Where does the accuracy actually go?
Quantization compresses the space between vectors, so documents with genuinely different similarities start to tie. For the clear winners, the passages obviously close to the query, the ordering survives even harsh compression. For the marginal candidates ranked 50–200, ties break randomly. Naively returning quantized scores as final rankings surfaces that tail noise; using them only to build a candidate set hides it.
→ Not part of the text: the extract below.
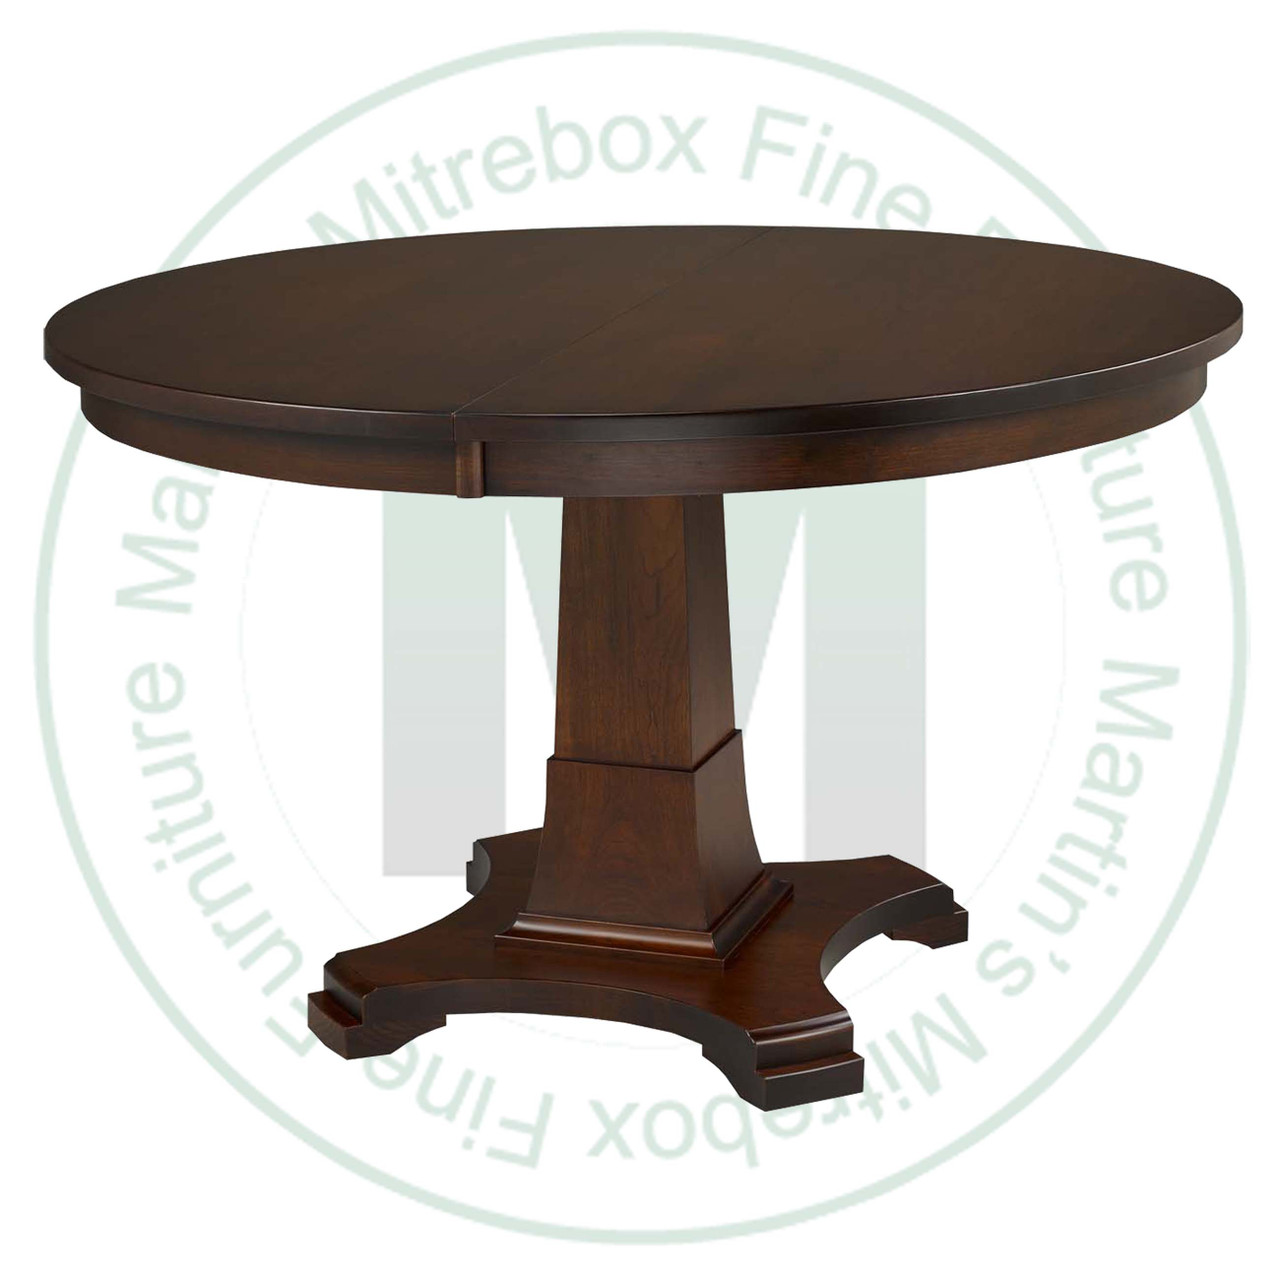 Oak Abbey Single Pedestal Table 36''D x 42''W x 30''H  Round Solid Table. Table Has 1.25'' Thick Top

Why does rescoring fix it?
Rescoring works because the candidate set only needs to contain the right documents, not order them. If the true top-10 reliably lands somewhere in the quantized top-100, exact rescoring of 100 vectors (trivial compute) reconstructs the true order. You keep quantized speed on the expensive full-corpus scan and pay full precision only on a shortlist.
Whole corpus
quantized scan, fast
Candidate top-100
right docs present, order noisy
Rescore at full precision
True top-10
How far can you push it?
You can push surprisingly far: binary quantization stores one bit per dimension (a 32× reduction over float32), and Hamming distance over binary codes is fast enough to scan huge candidate sets, with rescoring cleaning up the ranking. TopK's production kernel makes the point concrete: hand-optimized ARM NEON code sustains nearly 350 GB/s of Hamming-distance throughput (measured July 2025, ~15× the scalar baseline on a single thread), which is what makes brute-force scanning of binary candidates viable at billion scale.
When should you be careful?
Measure recall on your data before trusting any compression level: out-of-distribution embeddings and very anisotropic spaces quantize worse than benchmark datasets suggest, and the fix (a larger candidate set) costs some of the speed back. The knob is candidate-set size; tune it against a fixed recall target, not by feel.